Guy admits she herself has misguidedly applied for funding for big technology projects. “It was such a relief when I didn’t get it, because I didn’t really want to do the project anyway.” It’s a laughably familiar scenario for many artists.
So what’s the real source of this continuing fascination for dance and movement expressed through media? It’s a relationship that began with 19th-century cultural pioneers such as the Lumière brothers, Georges Méliès, Thomas Edison and Eadweard Muybridge. Their early explorations of movement, photography and cinema set the tone for a century of experimentation. In the opening years of the 20th century, hand-painted films of dancer Loie Fuller demonstrated that light, movement and colour could be combined to create substantial choreographic impact. These early experiments were popular with the public, who loved watching movement on screen.
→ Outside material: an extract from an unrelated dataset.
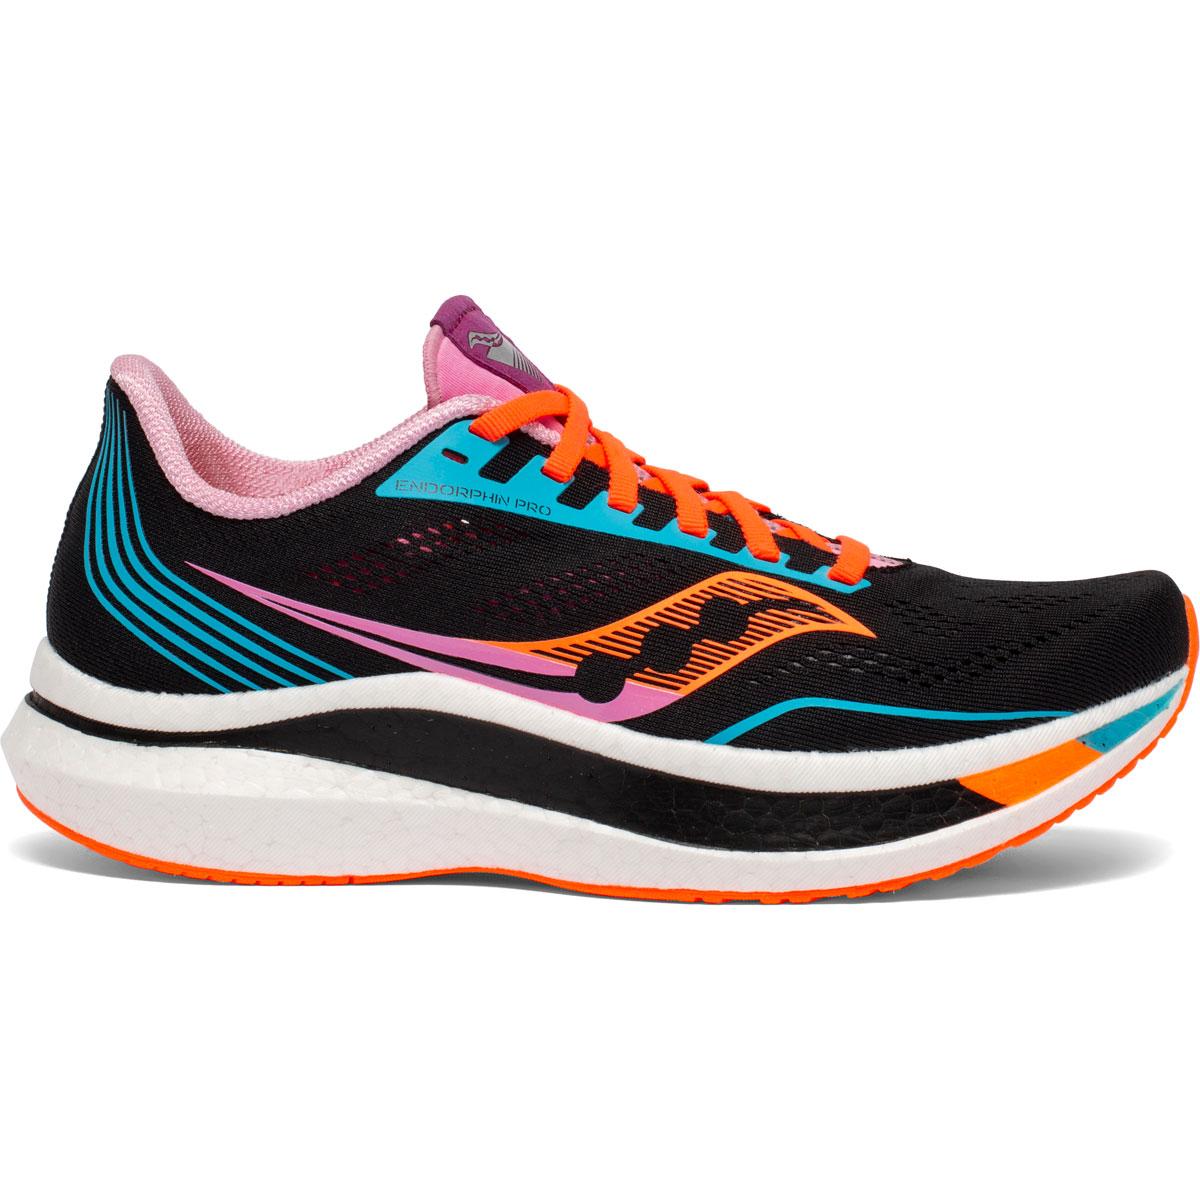 Women's Saucony Endorphin Pro Running Shoe - Color: Future/Black - Size: 5 - Width: Regular, Future/Black, large, image 1

So were the later iterations of dance on screen in the ’30s, ’40s and ’50s — in musical numbers featuring Gene Kelly, Fred Astaire and Ginger Rogers, and the Nicholas Brothers, as well as films by Busby Berkeley. The mainstream appeal remains to this day with reality and competition television shows like So You Think You Can Dance, and feature films showcasing the world of dance, such as Black Swan and the Step Up franchise.
Strip away the gloss of sexy new technologies and the feel-good populism and we discover the unchanging heart of the matter is still choreography, still the moving body, ever a universally relatable concept.
According to Guy, “When I approach film from a choreographic perspective, it changes my focus, it changes what I’m looking at and how I’m looking at it. There are so many political, but also poetic, things that we can transmit through film if we’re able to shift our perspective from the narrative to the kinesthetic or from the narrative to the rhythmic — choreography helps us with that.”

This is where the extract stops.